Saliva-based COVID-19 testing may soon be available in Canada, a move Toronto’s associate medical officer of health says could come in handy when students return to the classroom next month.

The Federal Drug Administration in the U.S. recently approved a new COVID-19 test that uses saliva collection over the traditional nasopharyngeal swabs and Dr. Vinita Dubey, the city’s associate medical officer of health, said Toronto Public Health believes similar testing could be available in this country in the “near future.”

“Toronto Public Health has certainly made a recommendation to our provincial colleagues and federal colleagues for the consideration of saliva-based testing,” she said during a news conference at city hall on Wednesday.

“We actually know that some of those samples have even been collected in Toronto because Major League Baseball has used it and so the Blue Jays have actually collected samples that way and sent them for testing.”

She noted that this type of test would make testing easier to facilitate and would encourage more people to get tested for the virus.

“If we can have some sort of saliva-based collection, we feel that it will be more acceptable and easier to do for especially students and their families as we are heading back to school. We recognize that the salvia-based testing has less of a sensitivity in its characteristics of being able to produce a positive but (it has) some benefits in its ease of use,” she said.

“We know that for children, doing a classic nasopharyngeal swab is very difficult to collect and we know that parents have often declined testing because they don’t want their child to have that test.”

Speaking with CP24 Breakfast on Wednesday morning, Dr. Isaac Bogoch called saliva-based testing “a phenomenal innovation.”

“The current tests are good, they work well. But of course we know, anyone whose had a test knows, that it involves a swab… stuck in the very back of your nose or in the back of your throat. I can’t look anyone in the eye and tell them with a straight face that that's comfortable because it isn’t,” he said.

“If you can just have people literally spit in a cup and walk away, I think we’d be able to certainly expand diagnostic testing. We could do lots of other things as well, for example, you could pool diagnostic tests if you wanted to screen a number of people at the same time. It just lowers the barriers to diagnostic testing and increases the capabilities for what you can actually do.”

He noted that the tests would still require a lab for processing as at-home, rapid point-of-care tests for COVID-19 are still in development.

“Even though it might take less time to process (and) it might cost less money to process, it still requires some processing,” he said.

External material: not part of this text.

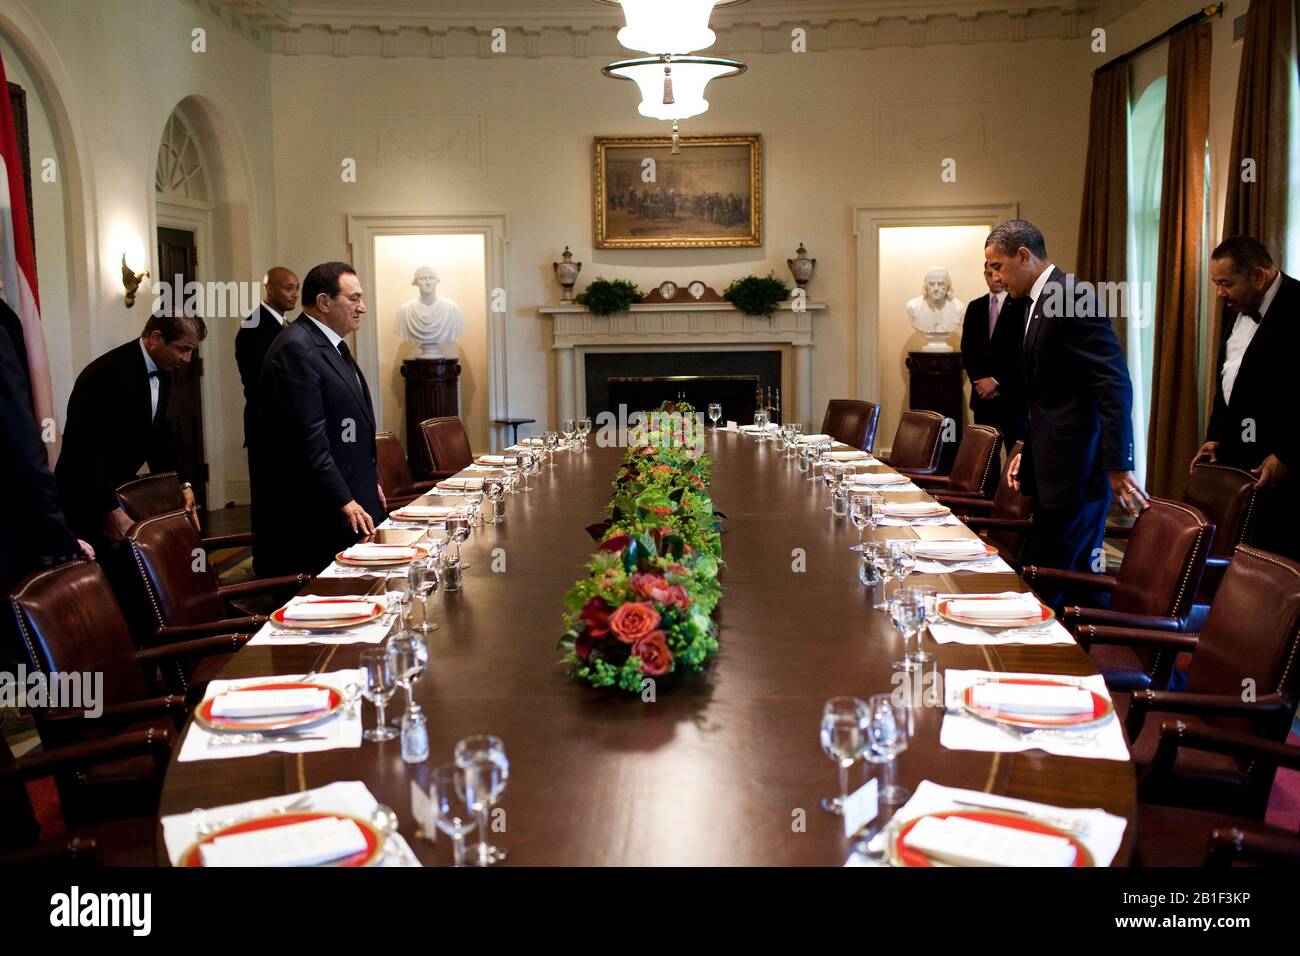 Washington, DC - 18. August 2009 -- US-Präsident Barack Obama und Präsident Hosni Mubarak aus Ägypten nähern sich dem Tisch zu Beginn eines Arbeitsessen im Kabinettsraum des Weißen Hauses, 18. August 2009.Mandatory Credit: Pete Souza - Weiße Haus über CNP/MediaPunch Stockfoto
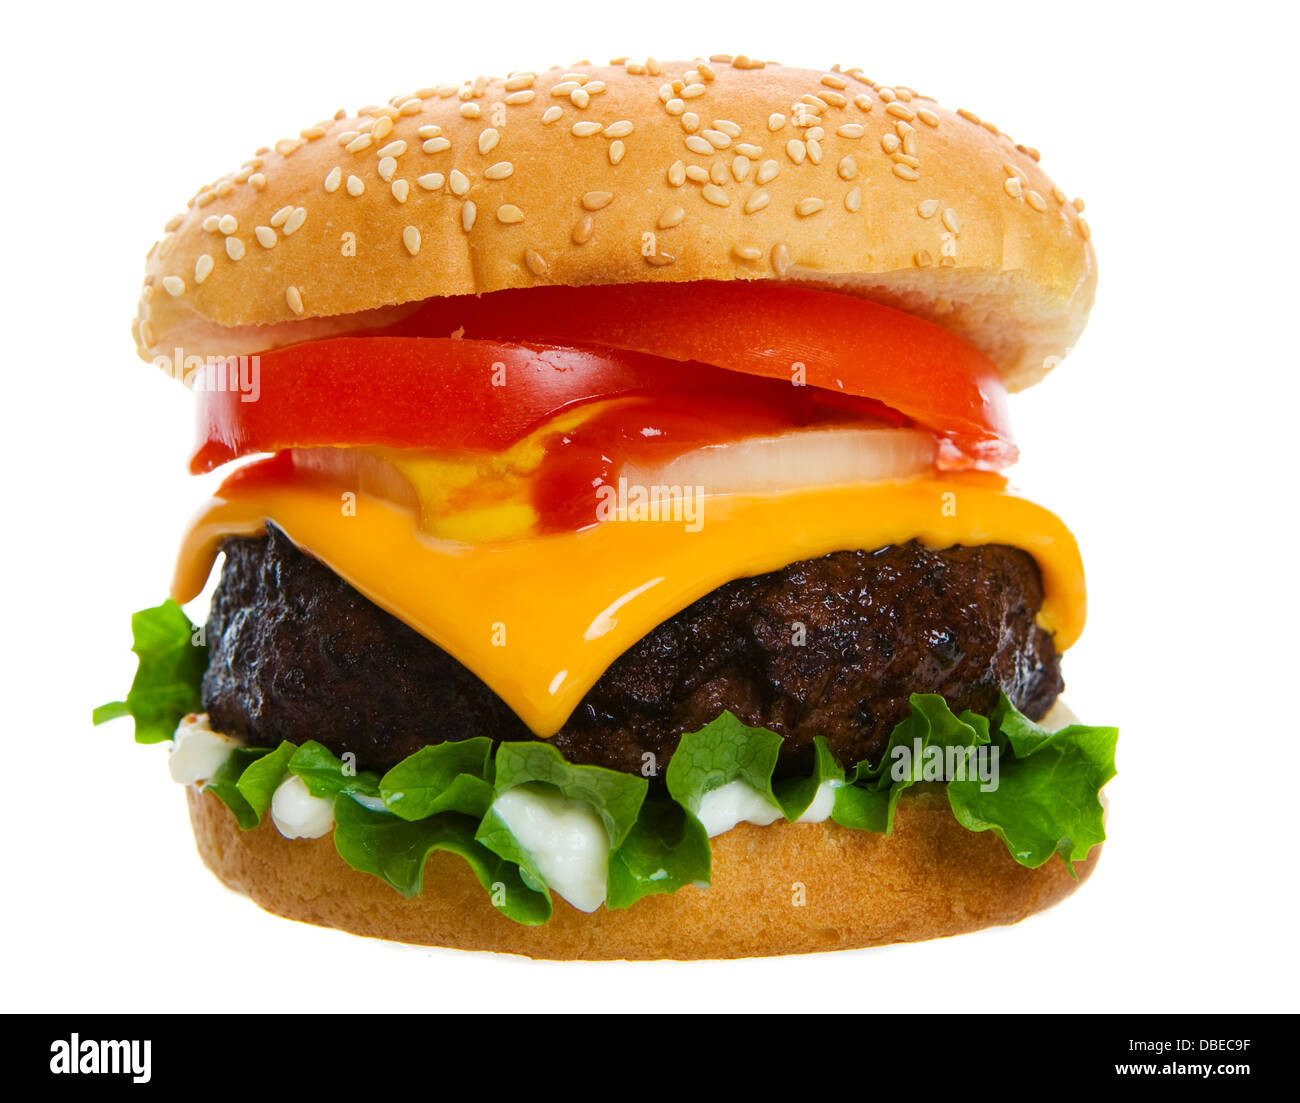 Groß und saftig Cheeseburger auf weißem Hintergrund Stockfoto

Bogoch added that while not currently approved in Canada, the test would be particularly useful as children go back to school in the coming weeks.

“It will be interesting to see how this expands throughout the United States,” he said. “I would love for Canada to have something like this because you can think of about a million different places where this would be applicable; in helping people get back to school safely, in helping people get back to work safely.”